Auf den tragischen Ausgang ihrer Befreeiung angesprochen, zeigte sich die Journalistin erneut empört, dass die US-Armee von einem Unfall spricht. Wenn einfach "drauflosgeschossen" werde, könne man nicht von einem Unfall sprechen. Den Einwand, dass die Soldaten des Panzerwagens möglicherweise nicht Bescheid wussten, ließ Sgrena nicht gelten: "Das kann sein. Aber dann bleibt immer noch die Frage, wer sie hätte informieren müssen. Irgendjemand ist verantwortlich."

Trotz dieser Anklage nahm die Italienerin Abstand von ihrem ersten Vorwurf, es habe sich möglicherweise um einen gezielten Angriff auf ihre Person gehandelt. Sie habe keine besonderen Informationen aus dem Irak mitgebracht. "Ich hatte Angst, weil die Amerikaner im Irak gefährlich sind", sagte Sgrena der Zeit. Ihre Entführer hätten sie ausdrücklich vor "den Amerikanern am Flughafen" gewarnt.

Von der Solidaritätswelle in Italien habe sie nur wenig mitbekommen. Lediglich am zweiten Tag ihrer Entführung habe sie eine kurze Nachricht im Fernsehen sehen dürfen. "Ein Foto von mir hing am Kapitol. Das hat mir sehr, sehr geholfen."
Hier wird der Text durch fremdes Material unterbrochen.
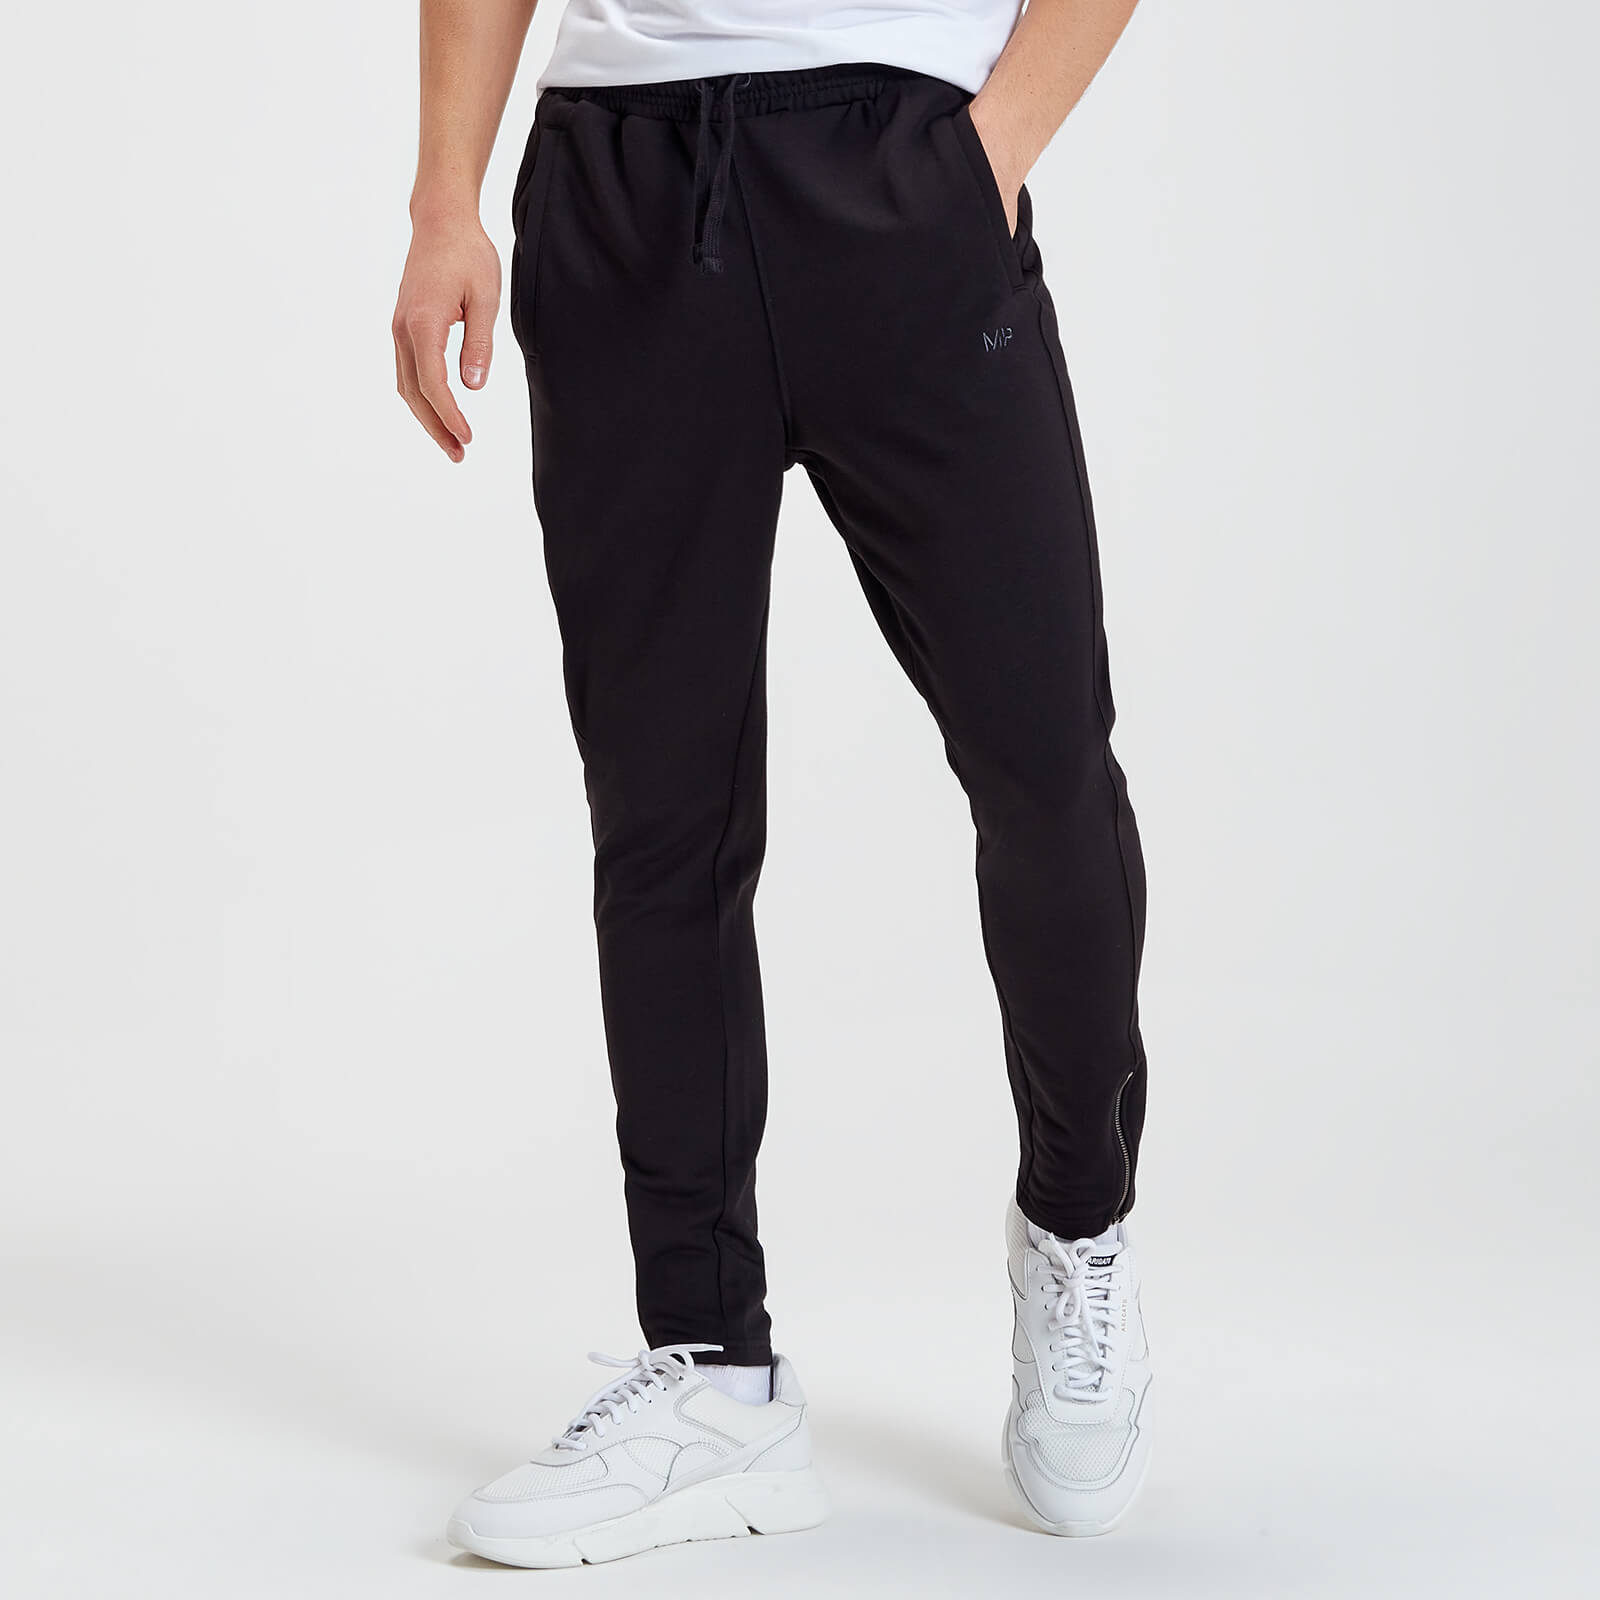 MP Men's Rest Day Joggers - Washed Black - XS

Sgrena erzählt weiter, sie habe zwei ihrer Entführer, die immer bei ihr waren, besser kennengelernt. Sie hätten sich religiös gegeben und die Italienerin mit dem Satz: "Wir gehören nicht zu den Kopfabschneidern" beruhigen wollen. Im Grunde aber seien sie politisch motiviert gewesen. "Sie waren keine 'Wilden'. Sie waren gebildet und hatten einen Sinn für Politik."

Die Frage, ob sie eine gewisse Sympathie für deren Ziele entwickelt habe, wies die Journalistin vehement zurück. "Ich empfinde keinerlei Sympathie gegenüber meinen Entführern, sondern großen Zorn."